Review: LBJ
There are films that don't necessarily reach artistic heights but are effective nonetheless. Rob Reiner's LBJ is one such film. Its narrative is traditional and fairly by-the-numbers, but it gets the job done and very well at that, offering an intriguing portrait of Lyndon B. Johnson, the man who was the work-horse to John F. Kennedy's show-horse.
Covering the moments leading up to LBJ's inheriting the burden of the American presidency from the assassinated Kennedy as well as the period of time when LBJ transitioned from Senate Majority Leader to Vice President, the meat of Joey Hartstone's screenplay is the shifting dynamics between LBJ and three particular men, JFK (Jeffrey Donovan), RFK (Michael Stahl-David), and friend and Senator Richard Russell (Richard Jenkins).

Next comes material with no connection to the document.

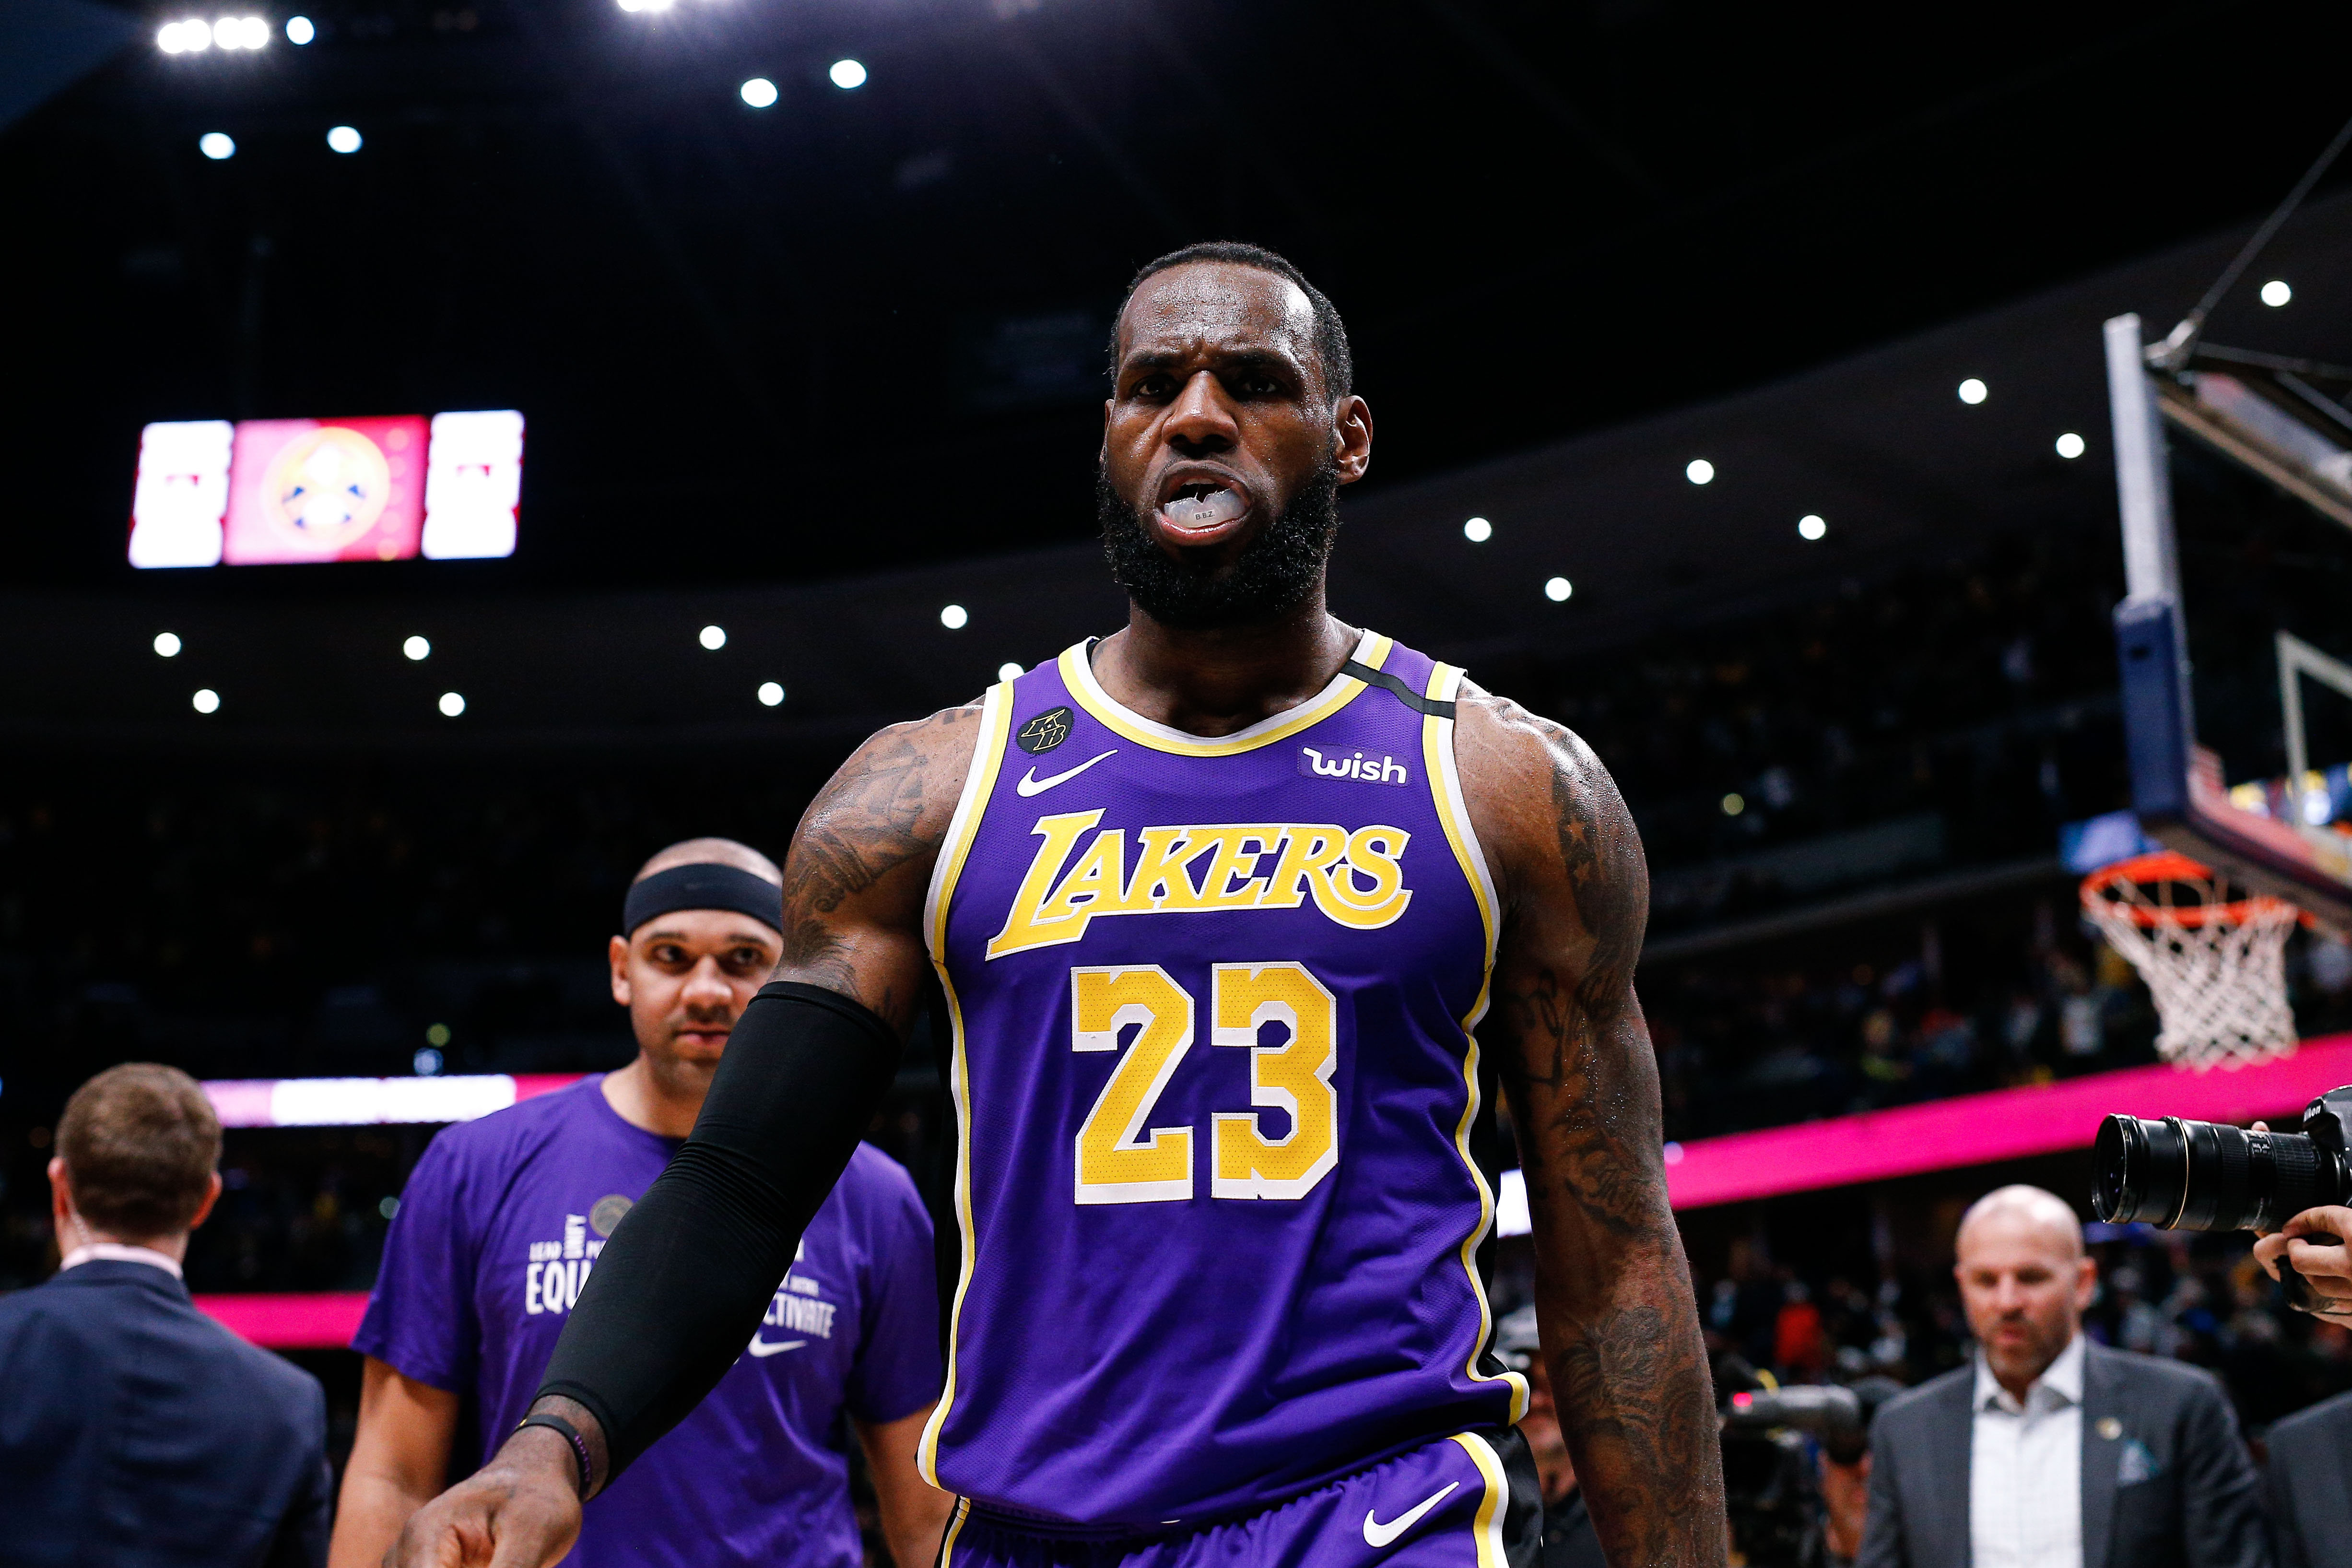 Tristan Thompson reveals LeBron James has 'worst f---ing diet ever'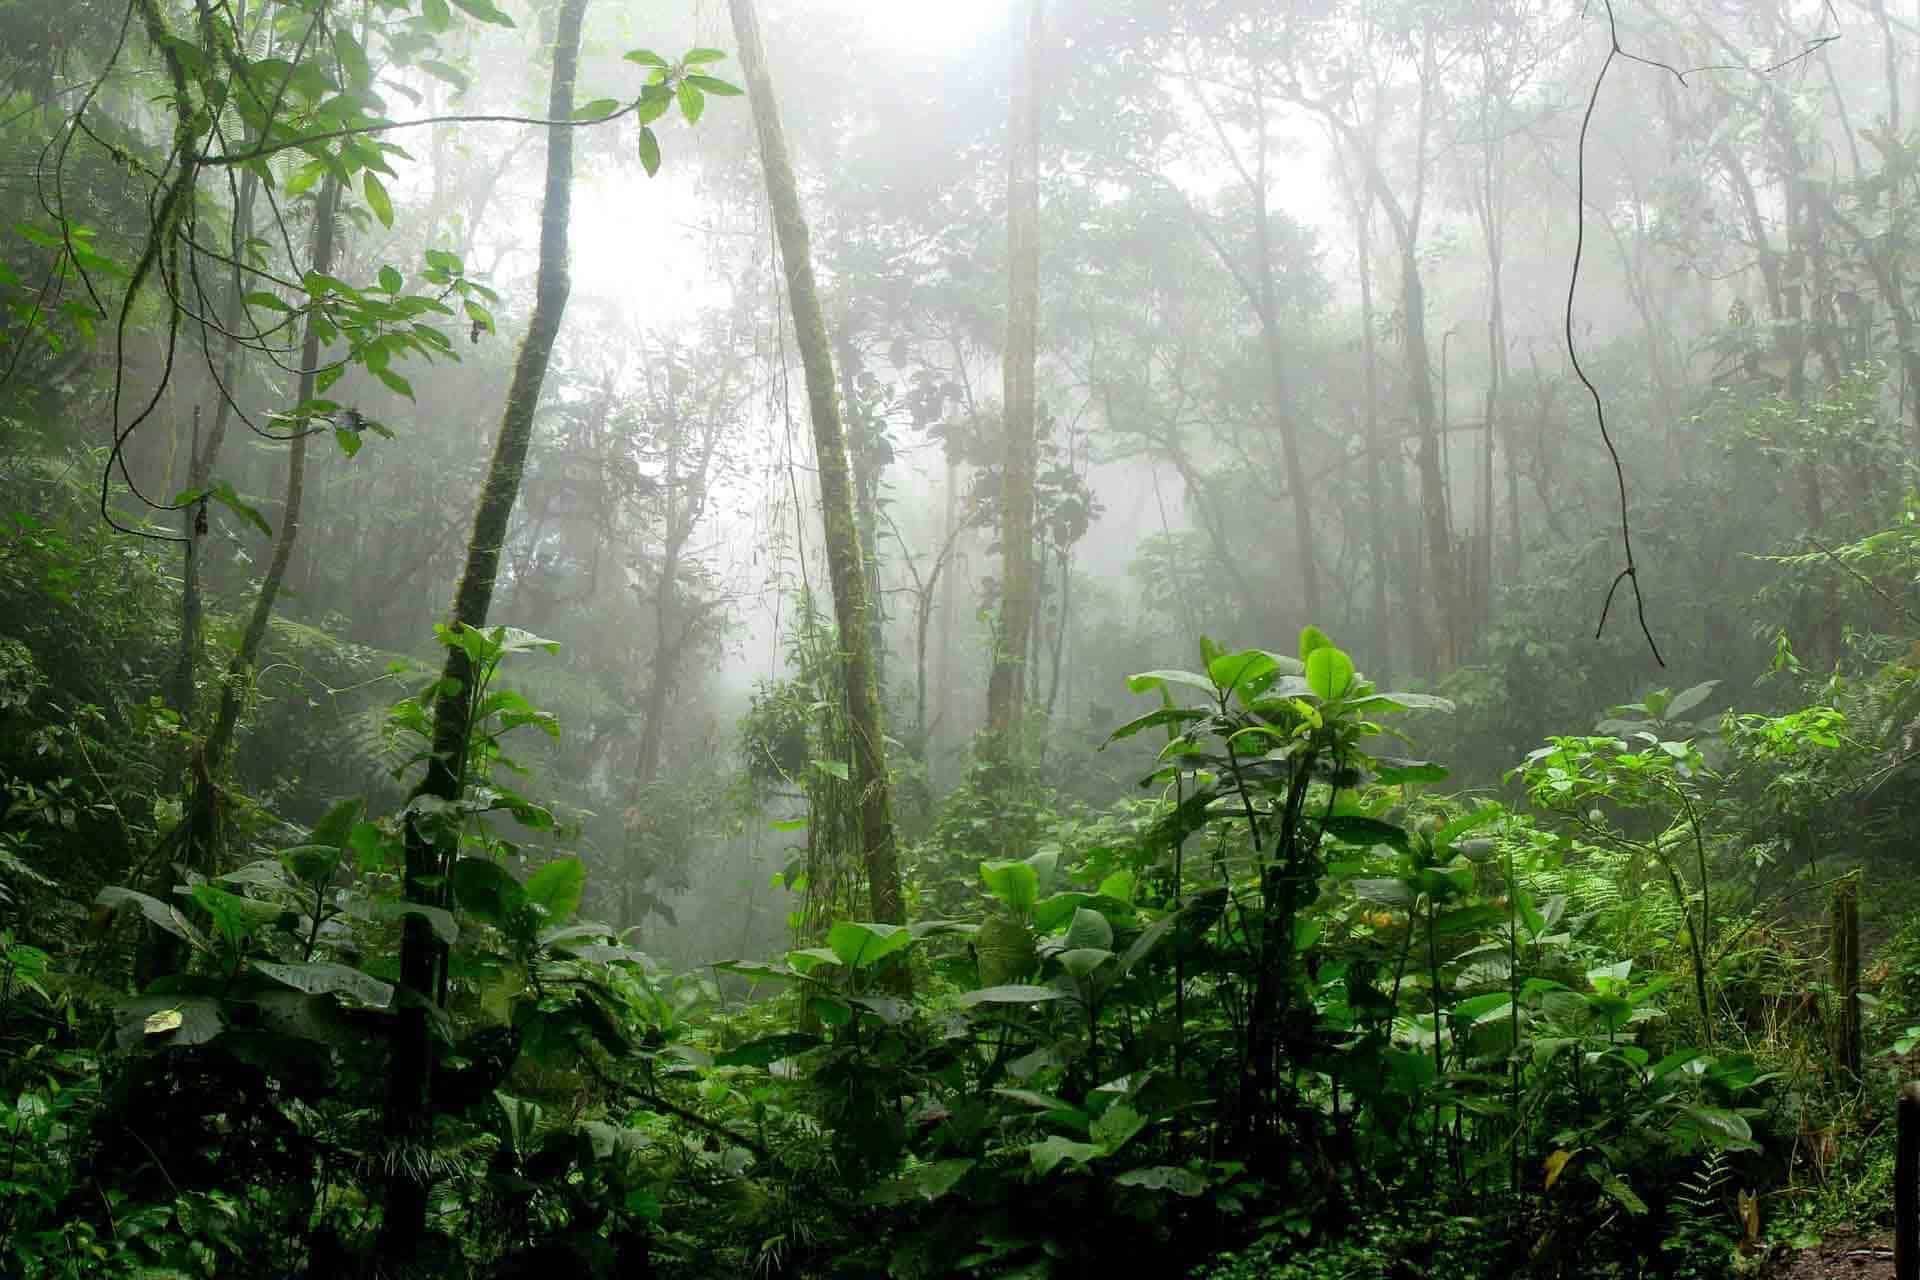 Amazonas-Pexels-David-Riaño-Cortés

Before the film fully focuses on those relationships, Reiner establishes LBJ as an ornery man, the type to demand exactitude from an underling who provides him with an approximate number of votes he can expect to get for a bill and tell off fellow Texan Ralph Yarborough (Bill Pullman) by saying, "The only thing more annoying than a liberal is a liberal from Texas." Yet, LBJ is also the sort to worry about the public's opinion of him, especially since he's about to throw his hat in the ring for the presidency and his main rival is the young and telegenic JFK.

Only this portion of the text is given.